August 16, 2011, 6:14 AM EDT

By Mark Lee

Aug. 16 (Bloomberg) -- The erroneous trade that drove up EVOC Intelligent Technology Ltd. almost fivefold in Hong Kong trading may have been caused by an investor seeking to buy shares of Motorola Mobility Holdings Inc.’s biggest supplier.

EVOC, a Shenzhen-based maker of electronics that trades under the “2308” stock symbol, jumped to HK$3.46 at 9:30 a.m., seconds after the market opened, from the previous day’s close of 70 Hong Kong cents. Hong Kong Exchanges & Clearing Ltd. subsequently said the transaction of 12,000 EVOC shares was an error.

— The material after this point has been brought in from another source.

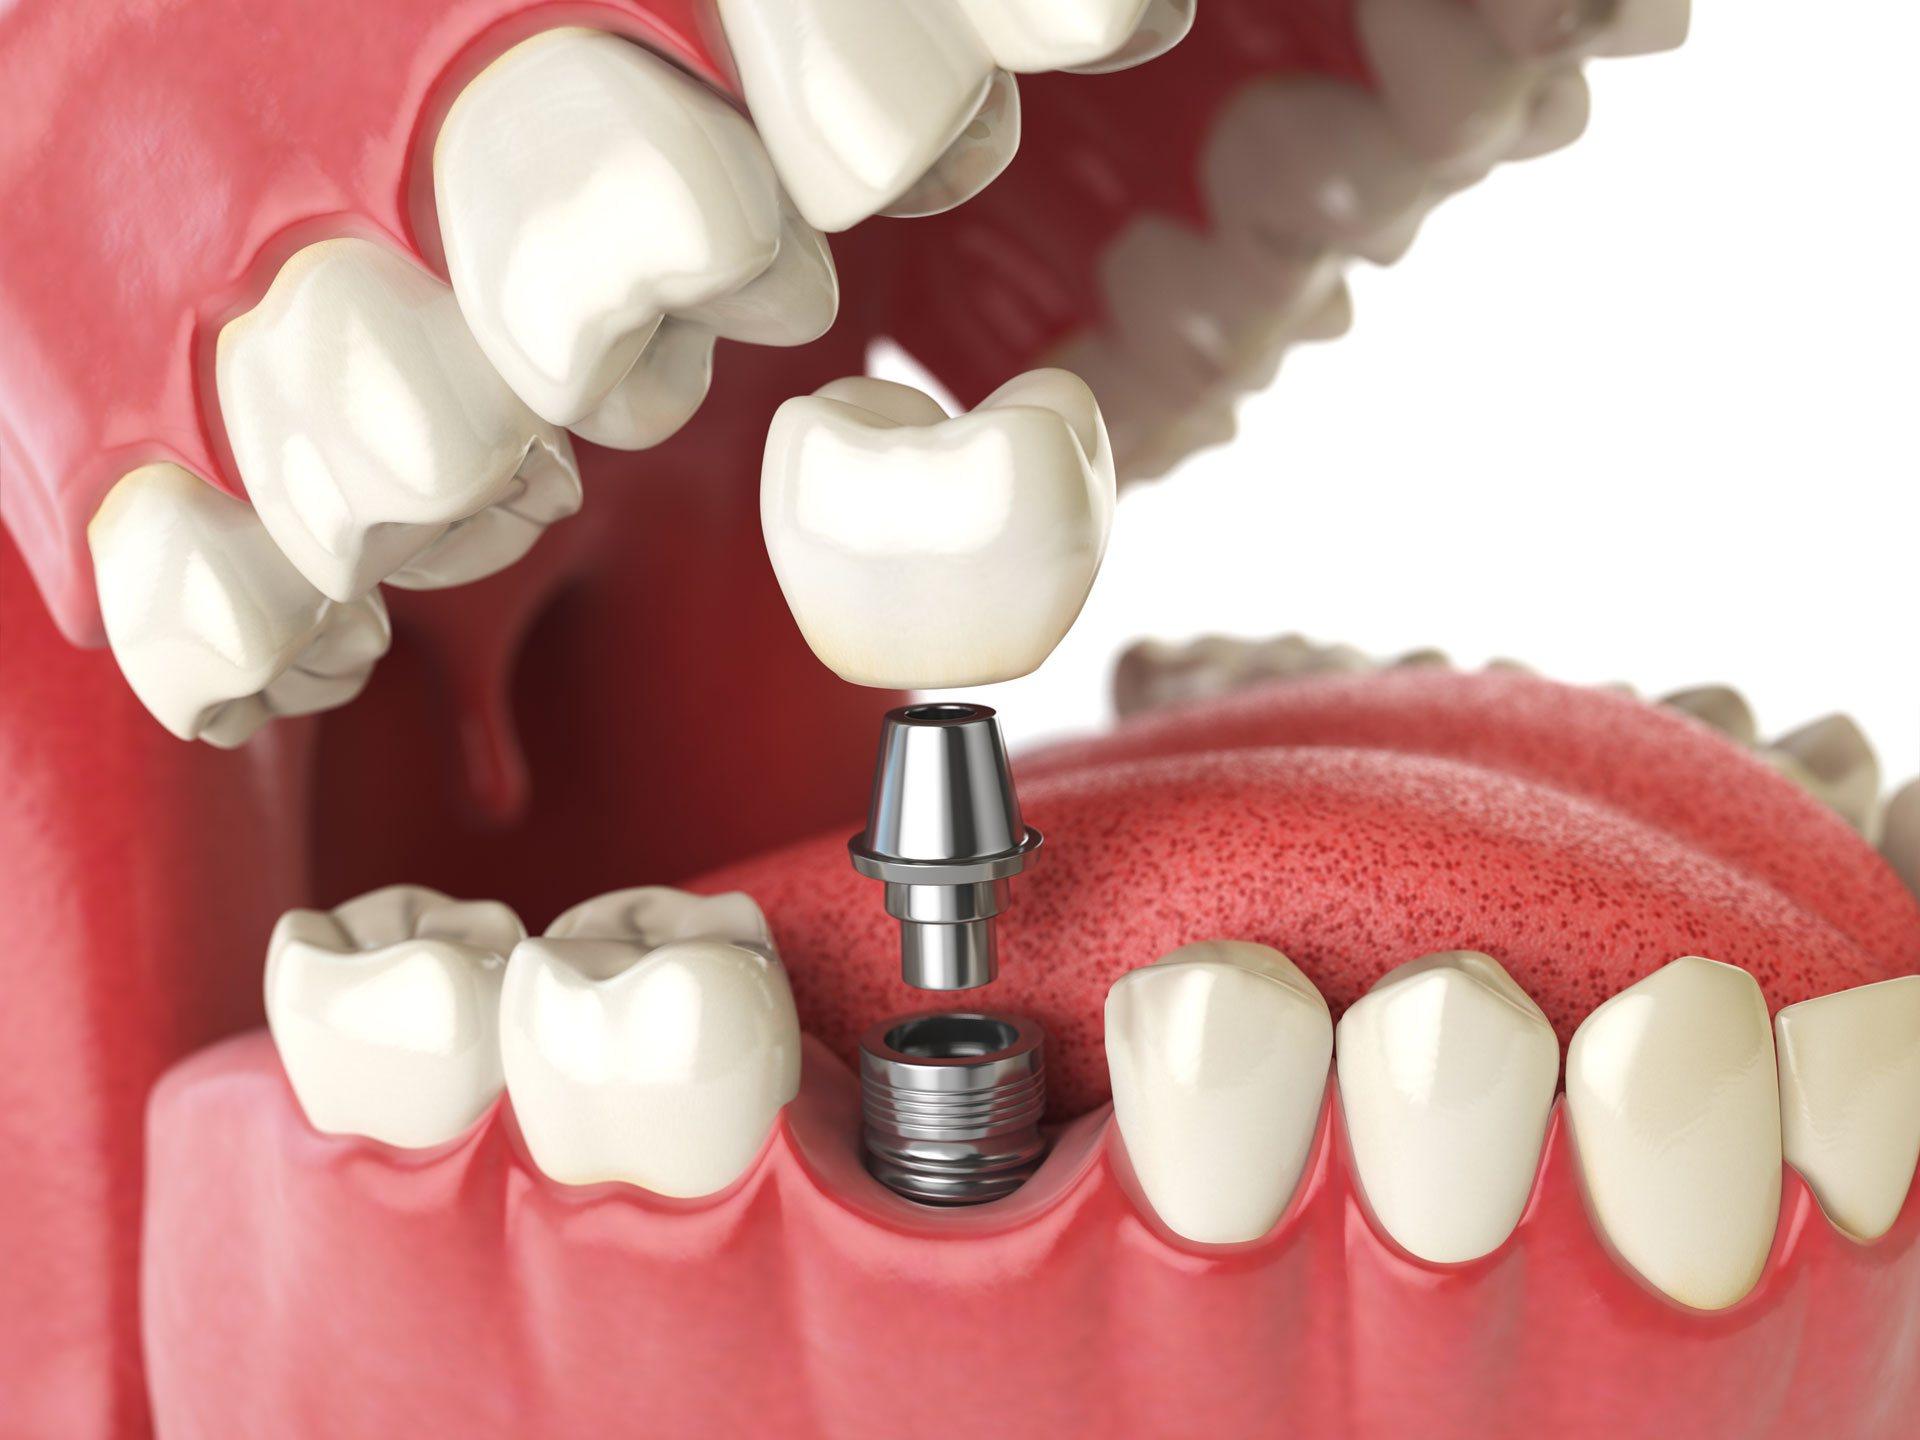 Импланты зубные в картинках

The trade occurred on a day that Foxconn International Holdings Ltd., the Motorola contract manufacturer that trades under the “2038” symbol, surged as much as 17 percent to HK$4.02 after Google Inc. agreed to purchase Motorola Mobility for $12.5 billion.

“You probably have to assume it’s a fat-finger trading error,” said Gavin Parry, managing director at Parry International Trading Ltd. in Hong Kong. A dealer intending to trade Foxconn shares mistakenly entered EVOC’s ticker, he said.

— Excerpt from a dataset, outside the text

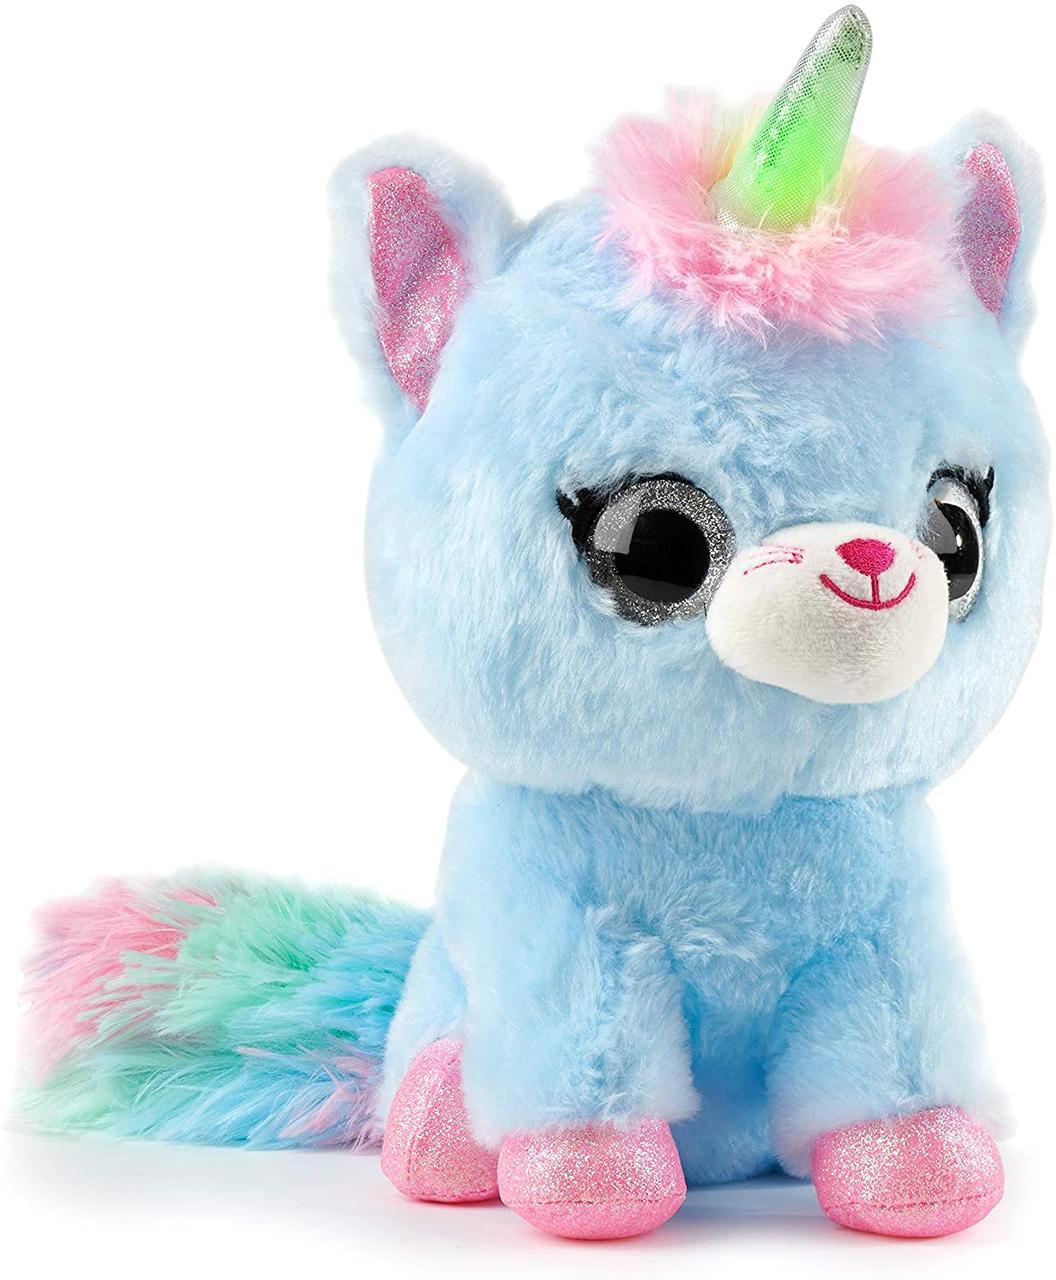 Інтерактивна плюшева іграшка яка весело цілує і світитися бірюзовий WowWee Ploosh Glowcorns

Scott Sapp, a spokesman at the Hong Kong exchange, said the bourse doesn’t comment on individual companies. A company official at EVOC, who only identified herself by her surname Yu, said she had no information about the trade, as did Vincent Tong, a spokesman at Foxconn International.

Foxconn International’s surge was the stock’s biggest intraday gain since December 2009.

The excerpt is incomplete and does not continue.